In 2012, after a long legal dispute, ownership of the cemetery and another property, was awarded to Ramadan's former partner Diane Holliday.
In the current claim, initially filed in 2014, Gonul Guney, who according to the judgment is also a solicitor, said Kingsley Napley should be held accountable for her loss of inheritance. The case is expected to go to trial in January next year; the current dispute centred on claims that will form part of that trial.
In Gonul Guney v Kingsley Napley and Another, Guney claimed that, had she been properly advised, she would have been able to properly settle the claim at a ‘much earlier date’. She added that she should be due damages for losses and for stress and inconvenience.

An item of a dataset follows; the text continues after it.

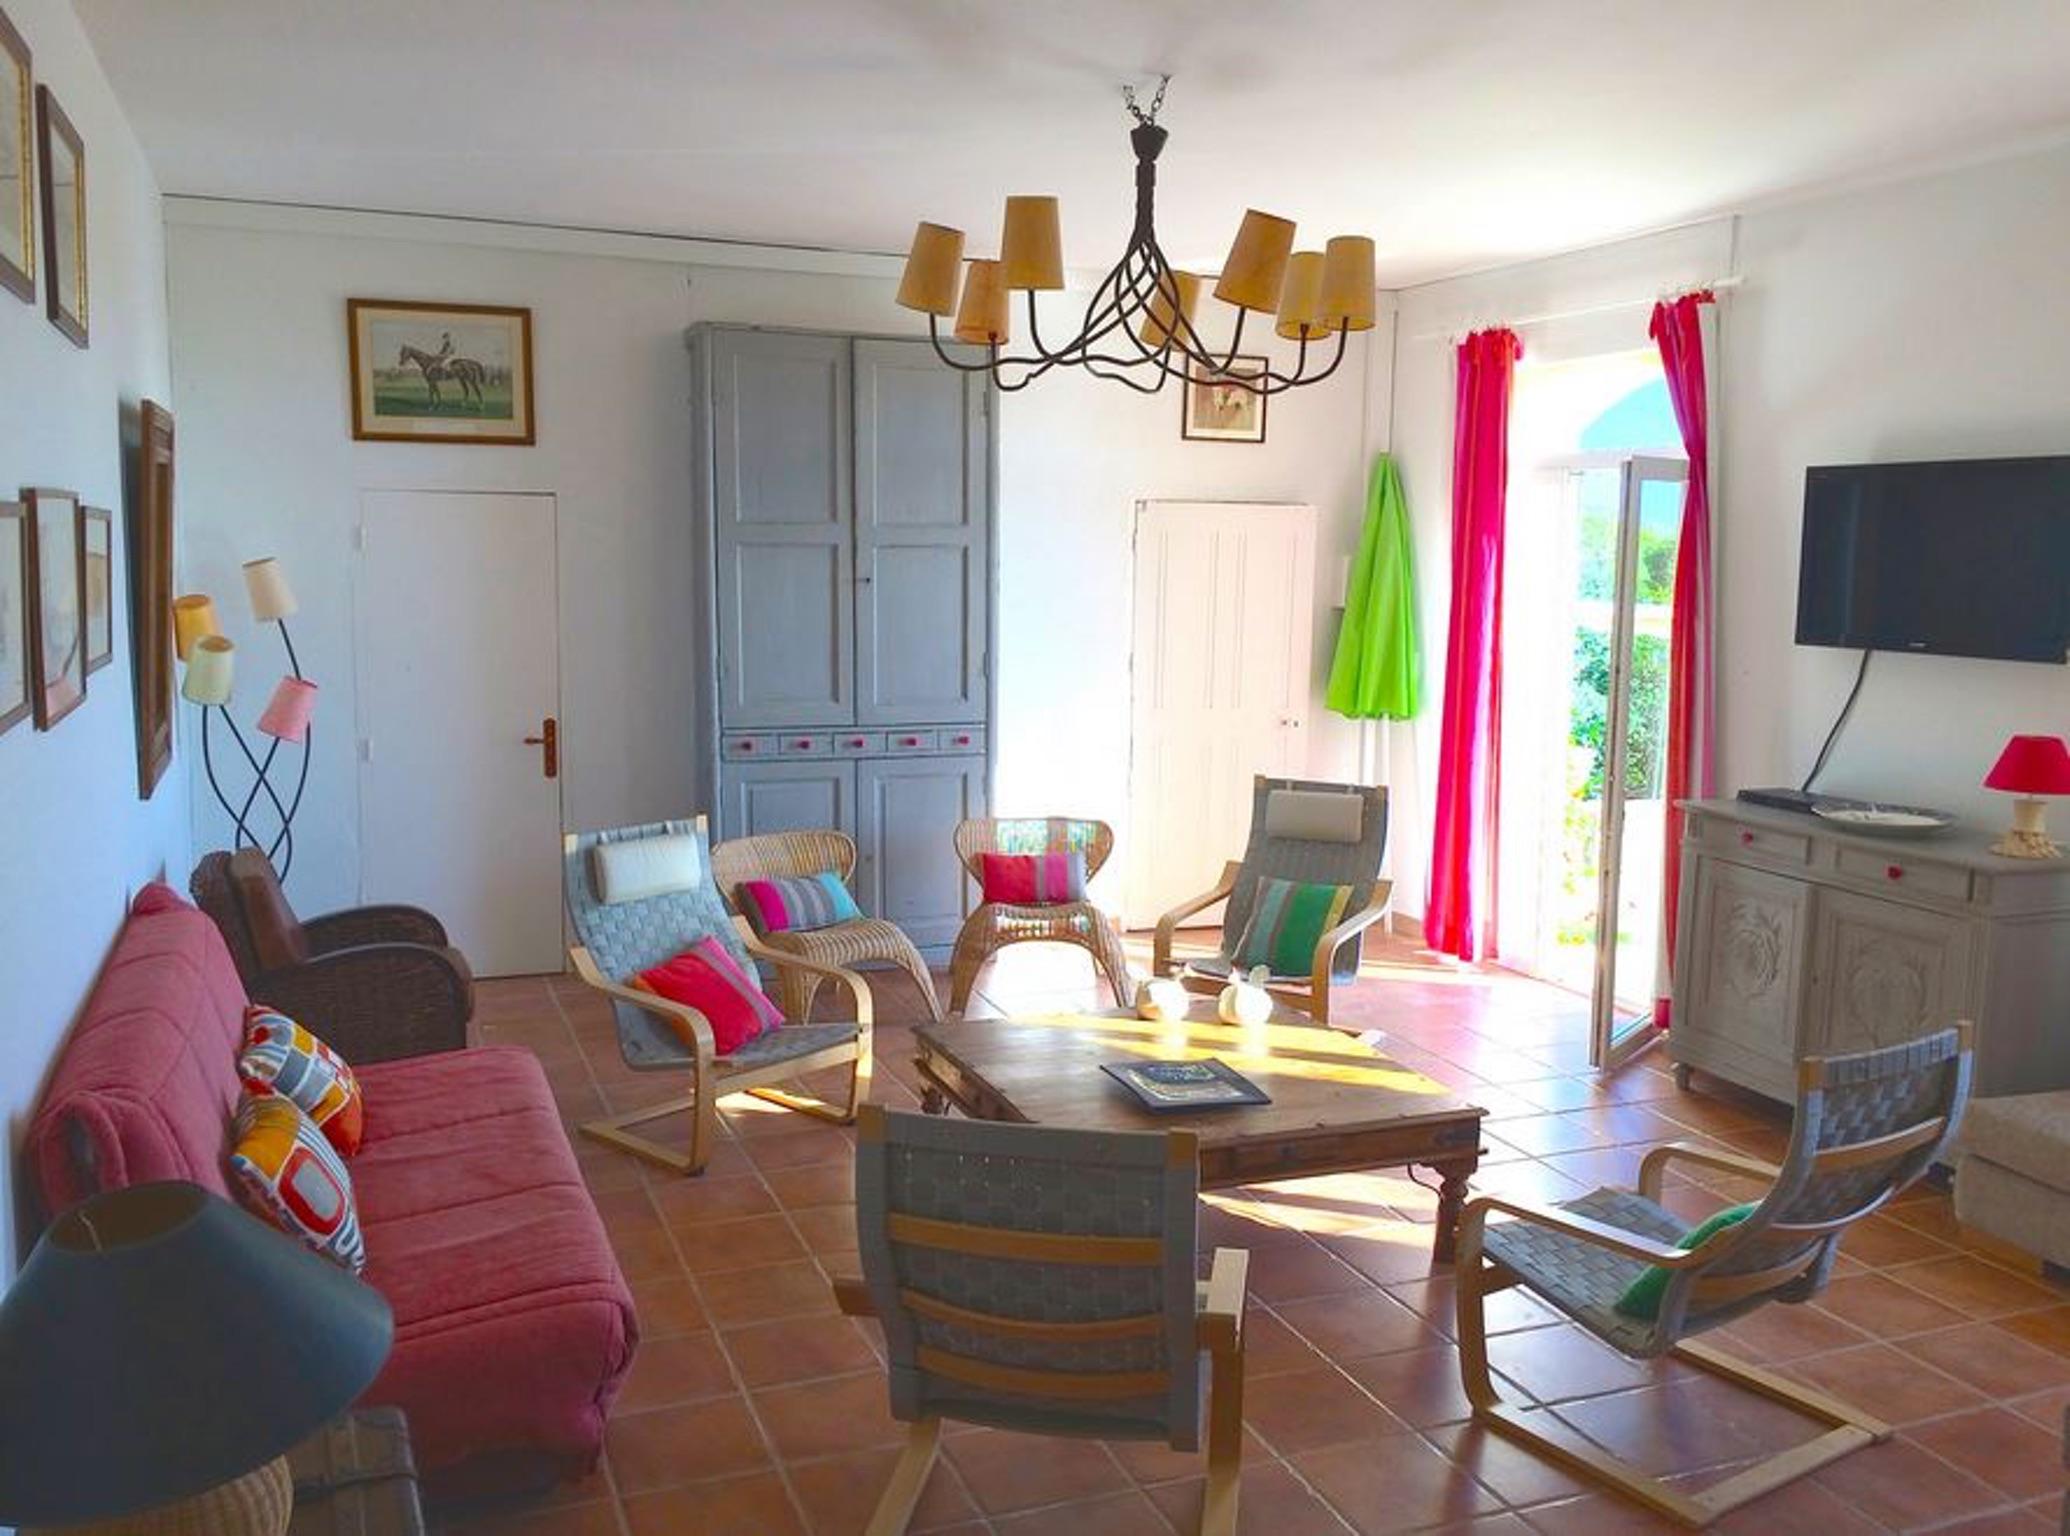 Ferienhaus Charaktervolles Haus in Hérault mit Pool und Garten (2201003), Portiragnes, Mittelmeerküste Hérault, Languedoc-Roussillon, Frankreich, Bild 7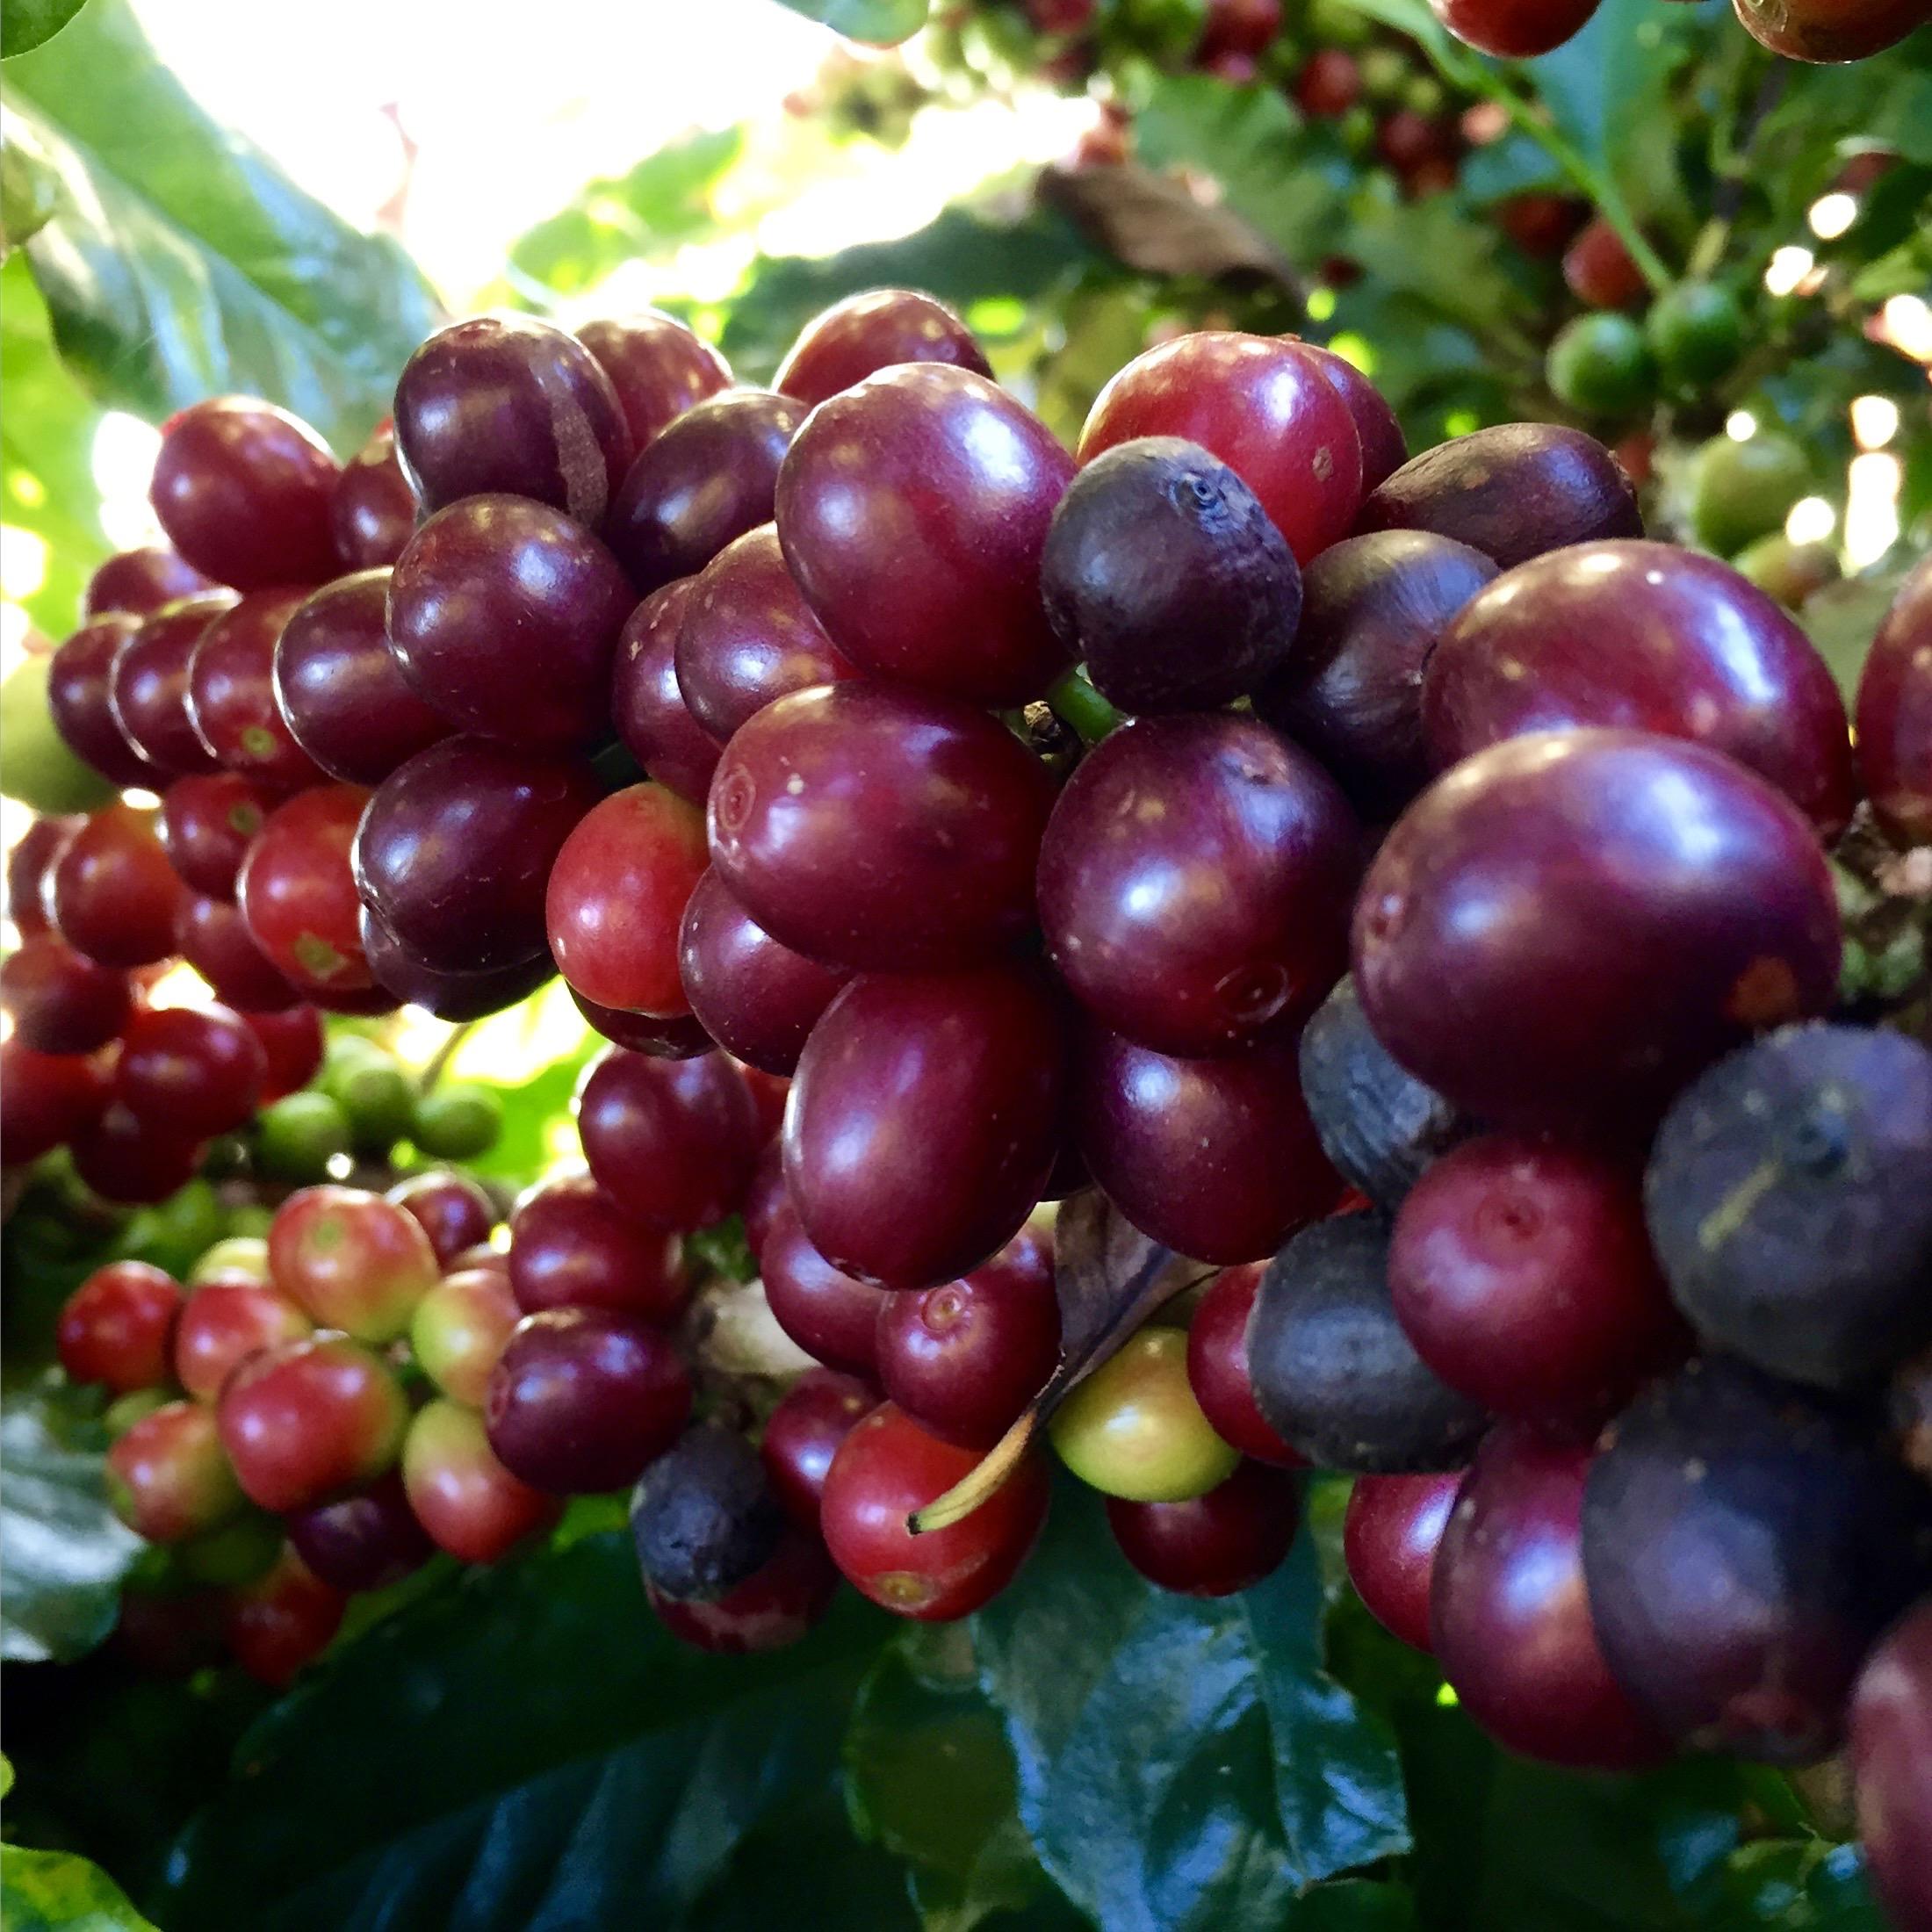 Frutas do cafeeiro em final de ciclo

Kingsley Napley sought summary judgment on the monetary claims and called for the claims surrounding stress and inconvenience to be struck out.
In a judgment handed down on 28 September, Mrs Justice McGowan said there were ‘no reasonable grounds for bringing the claims’.
On the alleged cause of ‘stress and inconvenience’, McGowan added: ‘This was not a contract for the provision of a holiday, a pleasurable activity relaxation or peace of mind. This was a contract to act in relation to a family dispute.’
She added that it was ‘too remote’ to say that solicitors conducting litigation ‘assume liability for the stresses that that imposes on the litigants involved’.